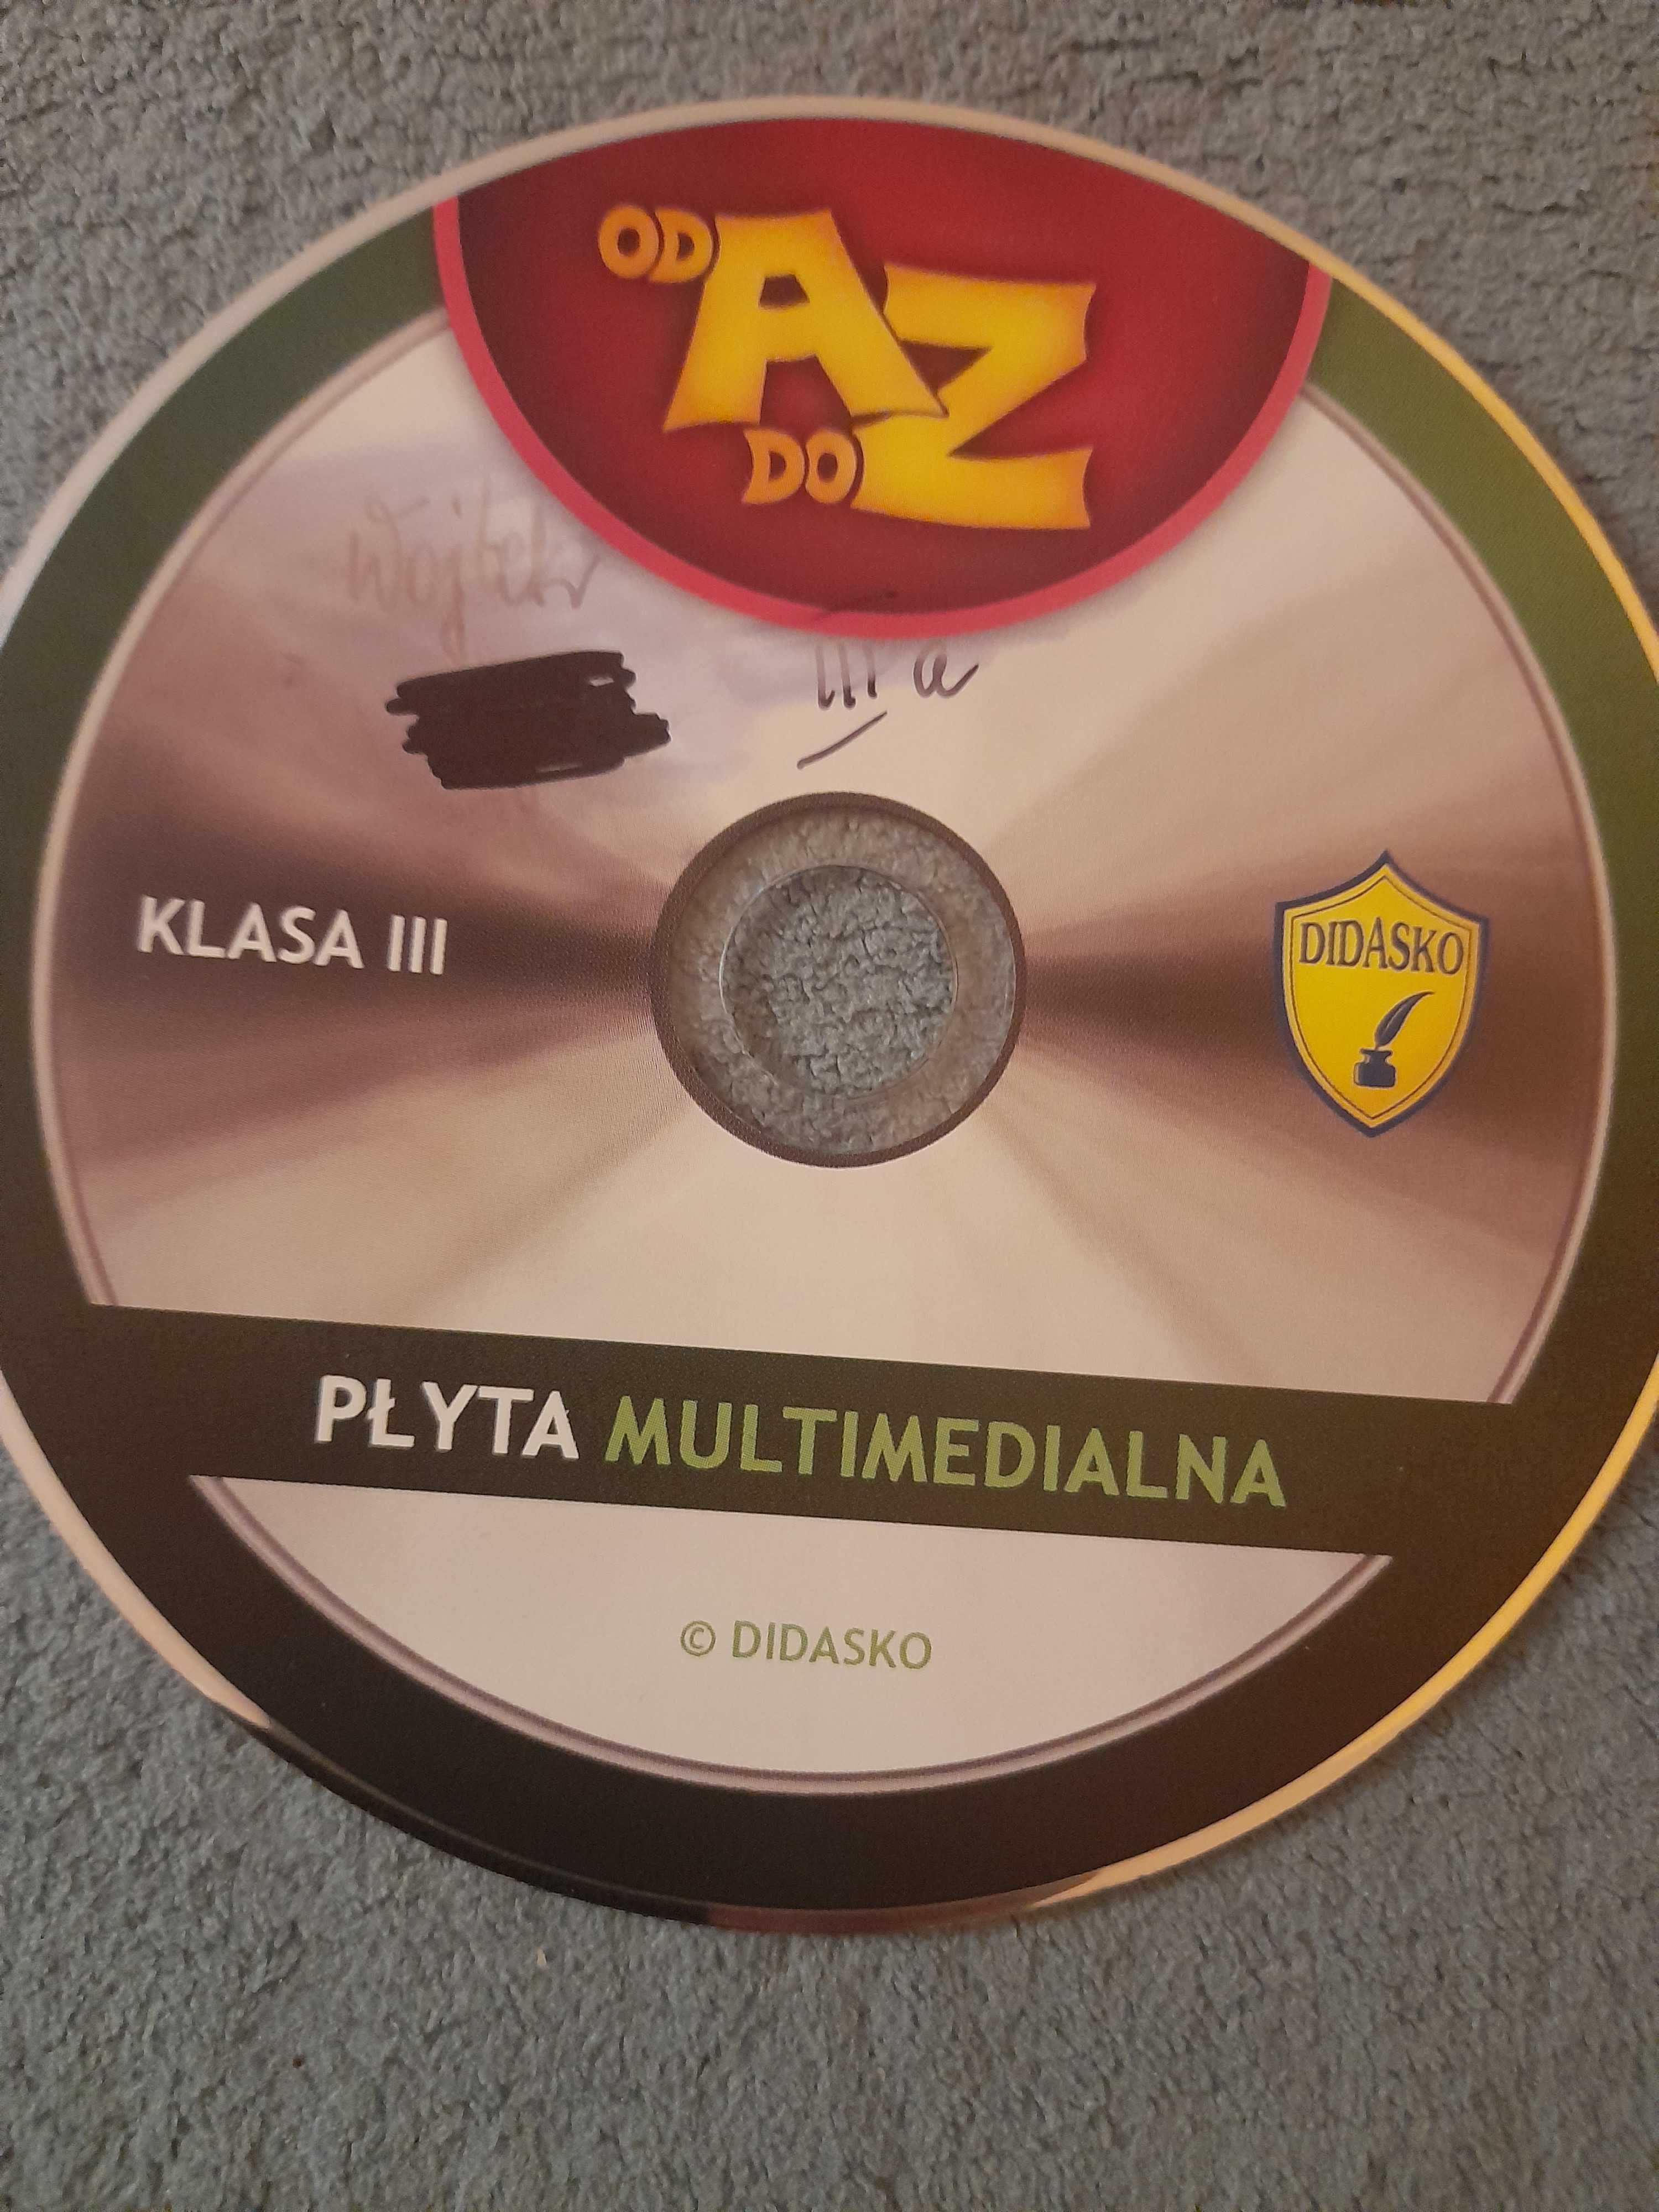 Płyta - Didasko od A do Z - Kl III
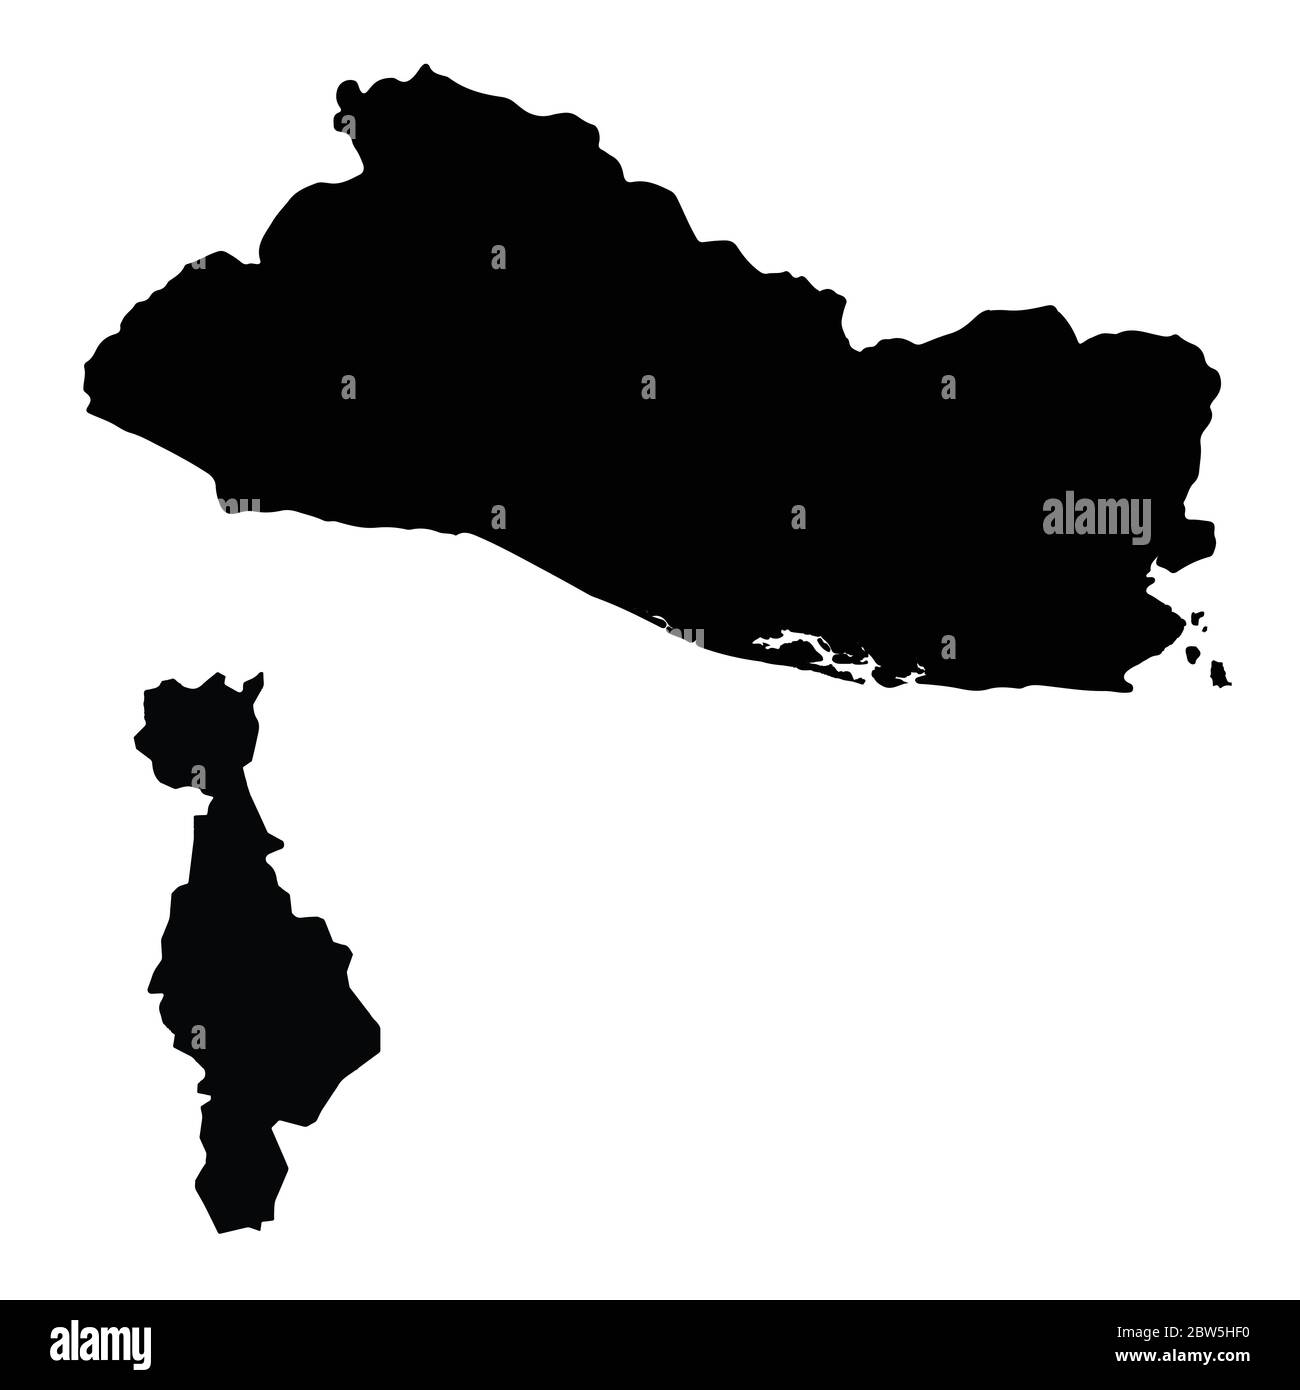 Mappa vettoriale Salvador e San Salvador. Paese e capitale. Illustrazione vettoriale isolata. Nero su sfondo bianco. Illustrazione EPS 10. Illustrazione Vettoriale
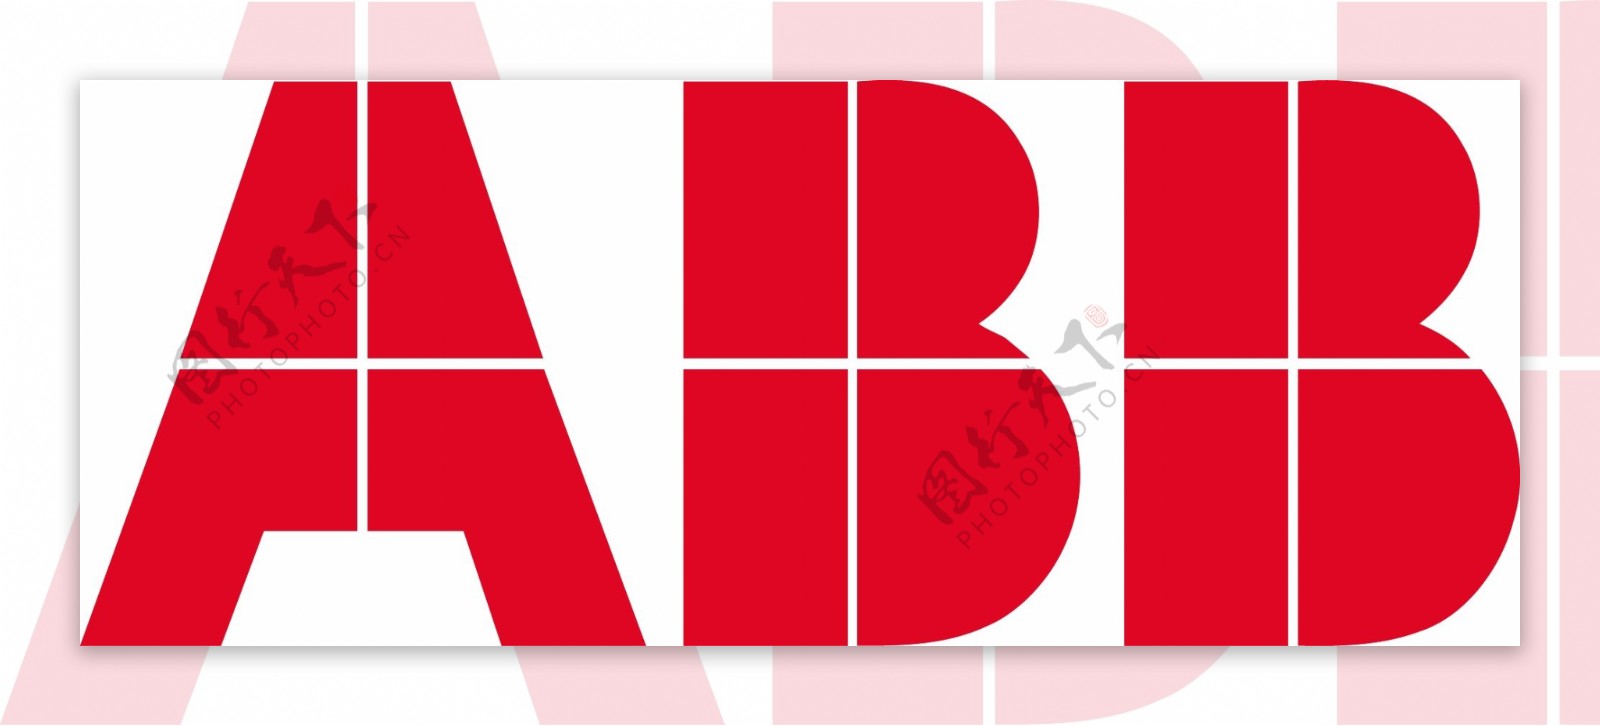 ABB企业标志ABBlogo图片
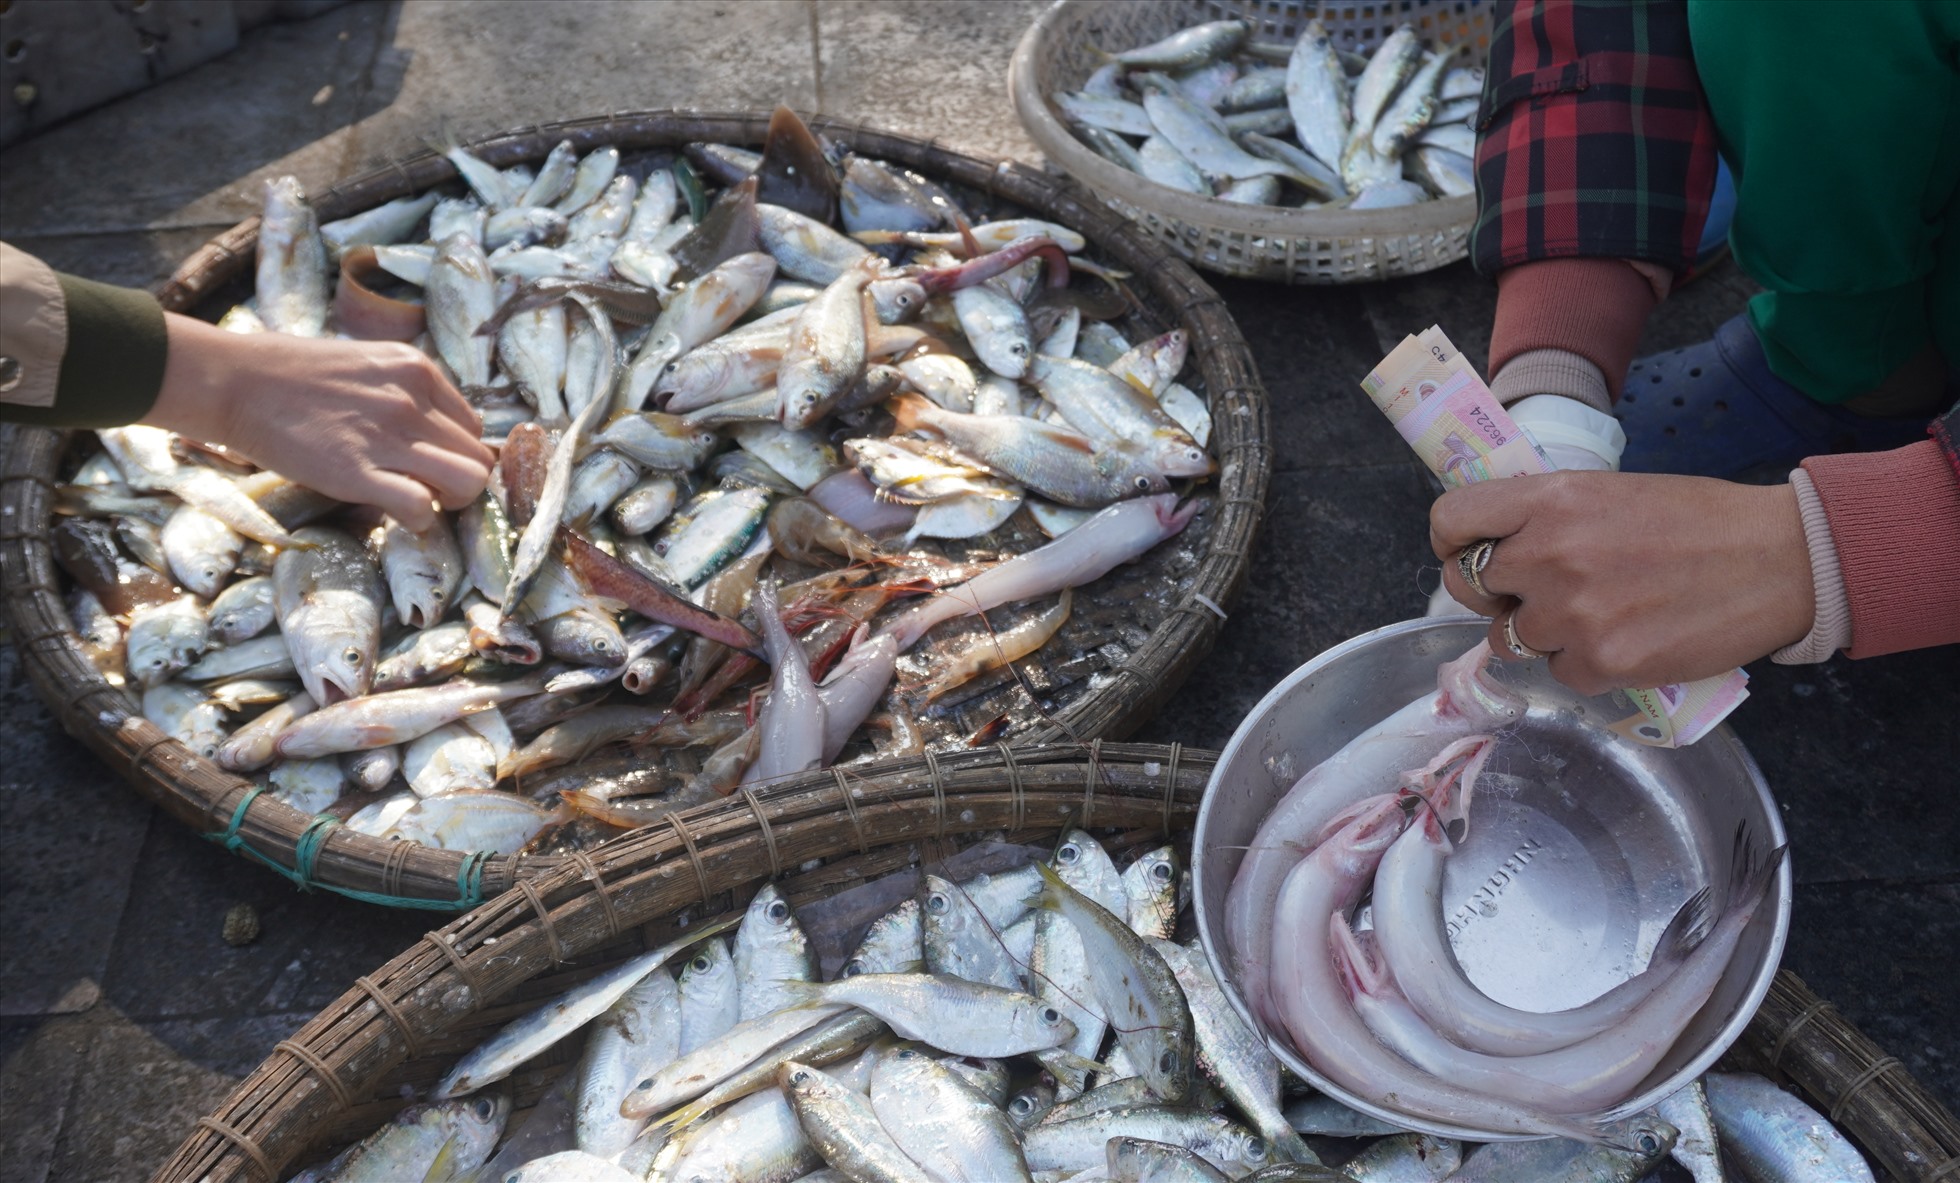 Loại hải sản được người dân tìm mua nhiều nhất là cá khoai, hiện, giá bán cá khoai tại biển Sầm Sơn dao động ở mức khoảng 500 nghìn/1kg. Ảnh: Quách Du

——————

| Work item |
Would you please repeat all the data word for word, but without the pictures?

| Response to this exercise |
 Płyta - Didasko od A do Z - Kl III
 Mappa vettoriale Salvador e San Salvador. Paese e capitale. Illustrazione vettoriale isolata. Nero su sfondo bianco. Illustrazione EPS 10. Illustrazione Vettoriale
 ABB企业标志ABBlogo图片
 Loại hải sản được người dân tìm mua nhiều nhất là cá khoai, hiện, giá bán cá khoai tại biển Sầm Sơn dao động ở mức khoảng 500 nghìn/1kg. Ảnh: Quách Du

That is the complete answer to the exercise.